# Our Dropping Energy Yields

Energy return on energy invested (EROEI) is well known, but not widely practiced. Applied to an oil well, EROEI is the ratio of energy represented in crude oil at a wellhead divided by the energy used to drill the well and pump up the oil.

Estimating this ratio for a strictly bounded system is not tough if input and output are measurable. Larger processes that cover steps from discovering fuel to burning it raise definitional issues: 1) collecting data; 2) averaging data; 2) accounting for energy in fuel that is used to refine or transport the same fuel.

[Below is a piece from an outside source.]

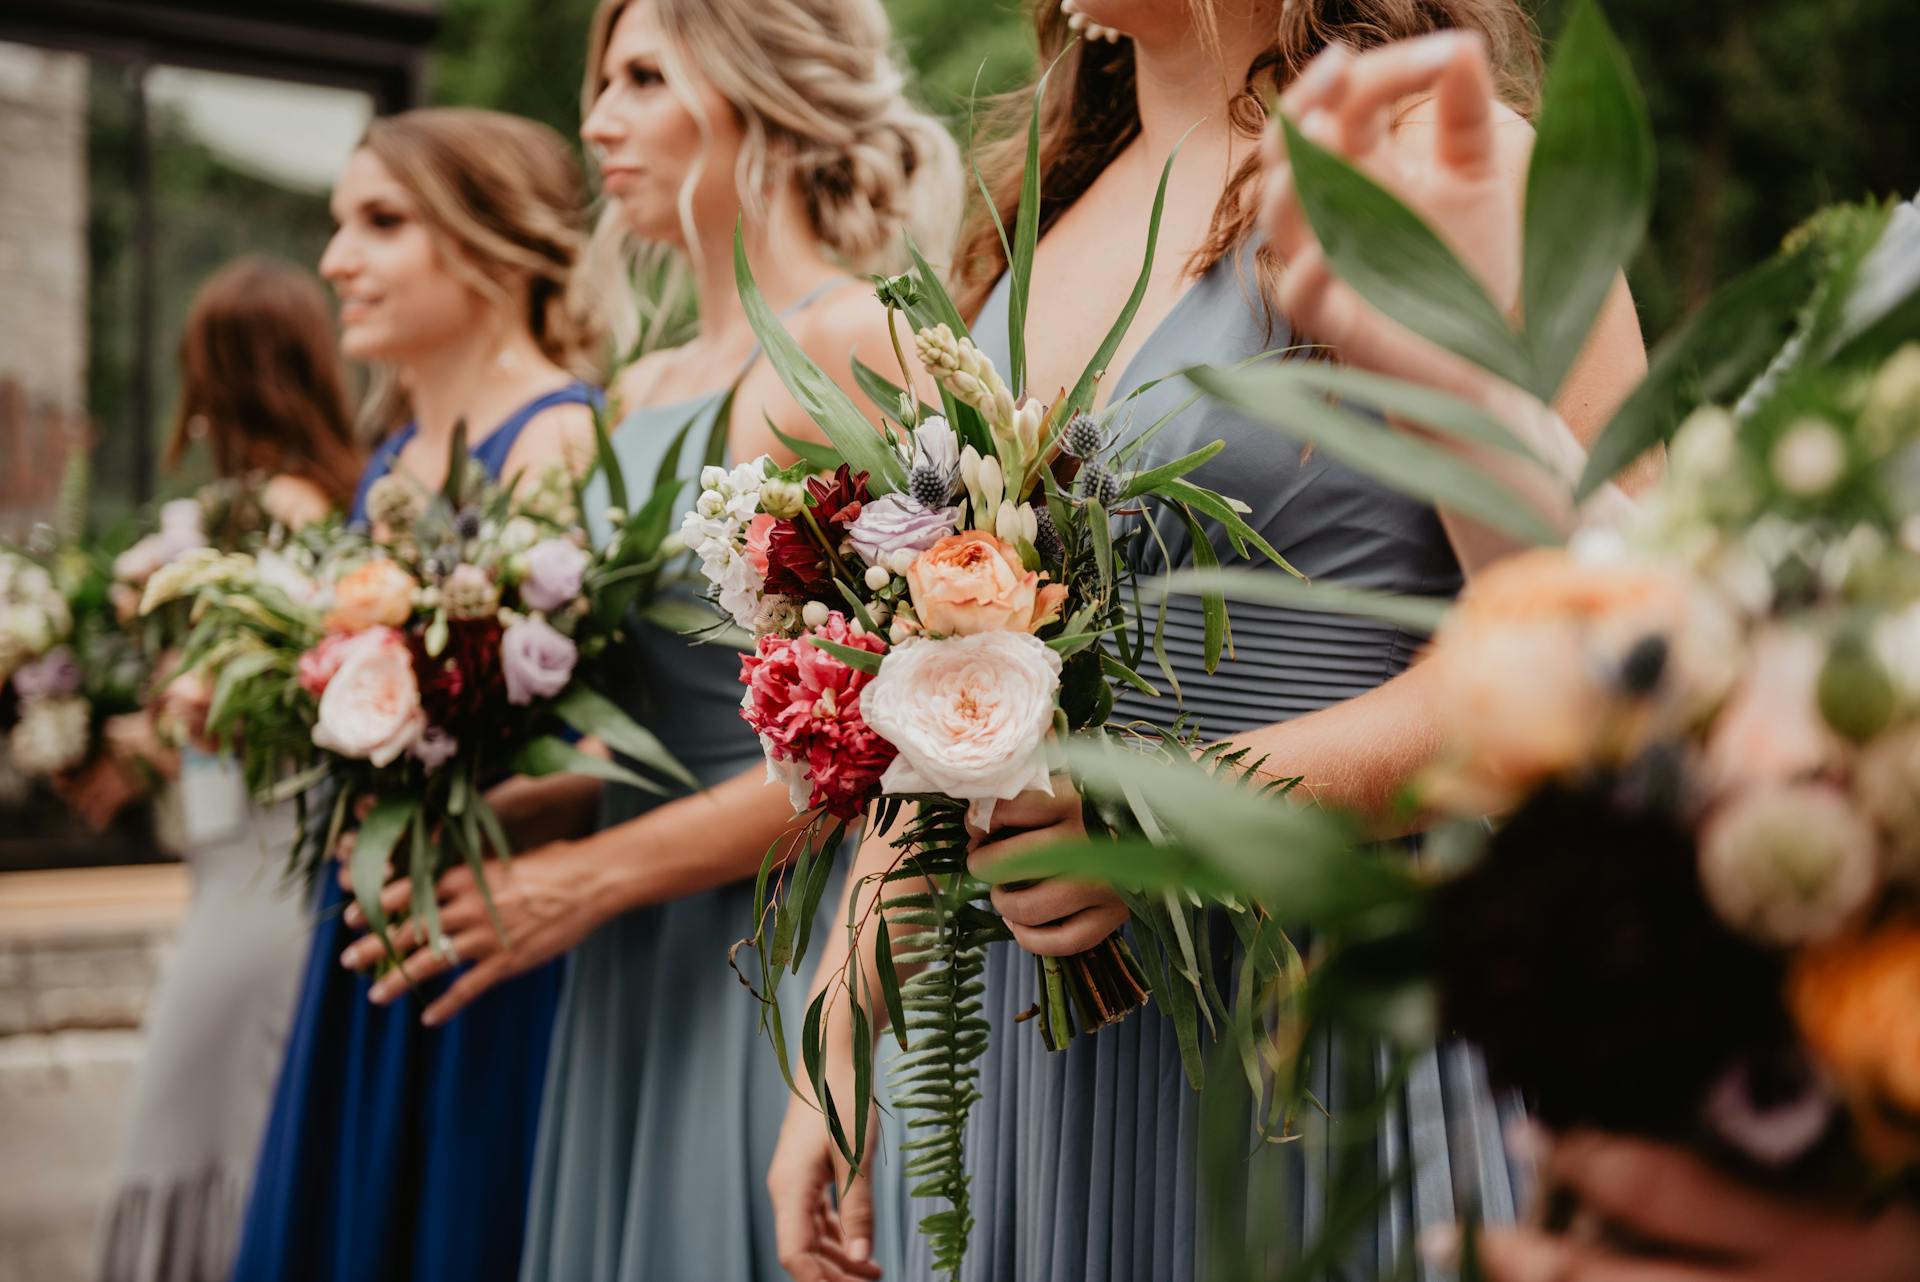 Damas de honor sosteniendo flores el día de la boda | Fuente: Pexels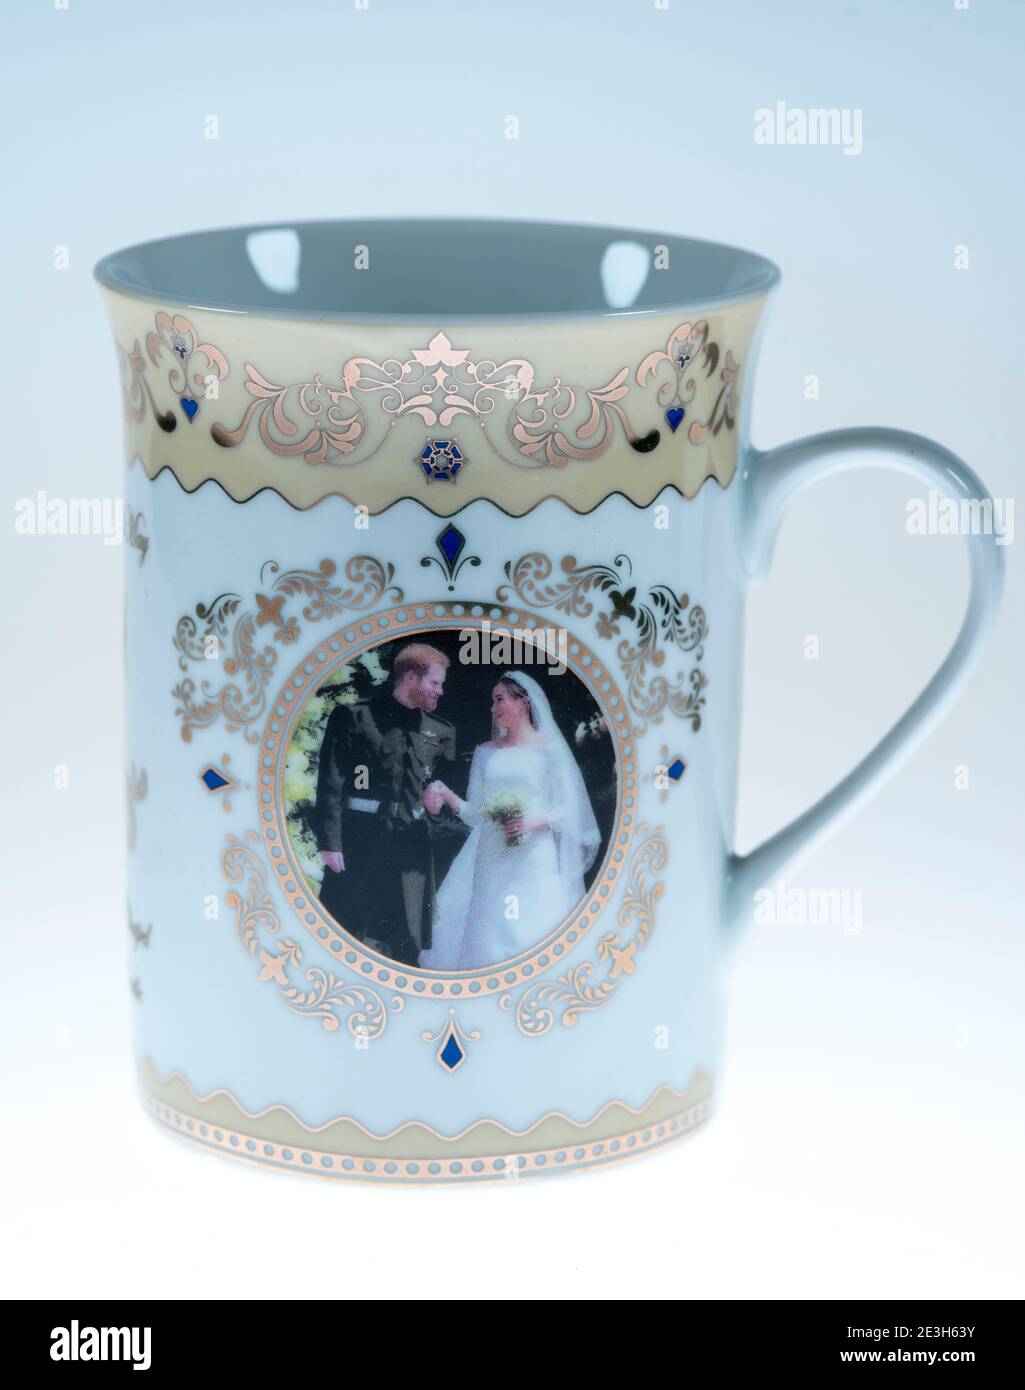 Prince Harry & Meghan Markle Royal Wedding China Mug 19th May 2018

Thermodynamics also assure that much of the energy captured is lost as waste heat at the point of use.

To keep it simple, suppose EROEI at a wellhead is 40/1. However, if losses + energy to transport and refine fuel are 25%, this ratio drops to 30/1, subtracting the loss only from the numerator. Add the loss to the denominator too, and it’s 30/11. (Is fuel burnt capturing itself a loss in output or an energy input – or both?)

A highly efficient vehicle still loses about 80% of the energy in its fuel tank as heat. If we only count output as energy that does something for us, maybe our EROEI is 6/11. But wait! If we add that heat loss into the denominator also, our EROEI ratio drops to 6/35! To top it off, why did we want to move that vehicle?

Definitional circuses in accounting, economics, and politics distract us from a key insight: Industrial society production and consumption processes waste huge amounts of resources, but one way or another we count the waste as beneficial economic activity.  Of all the energy available to us, very little of it adds value.

EROI on this graph and in the article from which it came is the same as EROEI.

If definitions of EROEI were a bit stricter, the ratios would shift to the left (be lower). Regardless of the approximations in measurement, the point of the graph is that returns on energy are dropping.

Since the entire economy runs on energy, of necessity we’re now engaged in races to find alternative sources of energy. However, none have a high return on energy.  Neither does high-tech recovery of remote or low-grade conventional fuel.  Some readers may be surprised that the EROEI of nuke is so-so; takes a lot of energy to build a nuke plant, plus mine and refine its fuel.

We have to become serious about deriving a lot more benefit from the resources we have available, and soon. That’s the heart of the case for Compression Thinking – before taking up all the other reasons for doing so.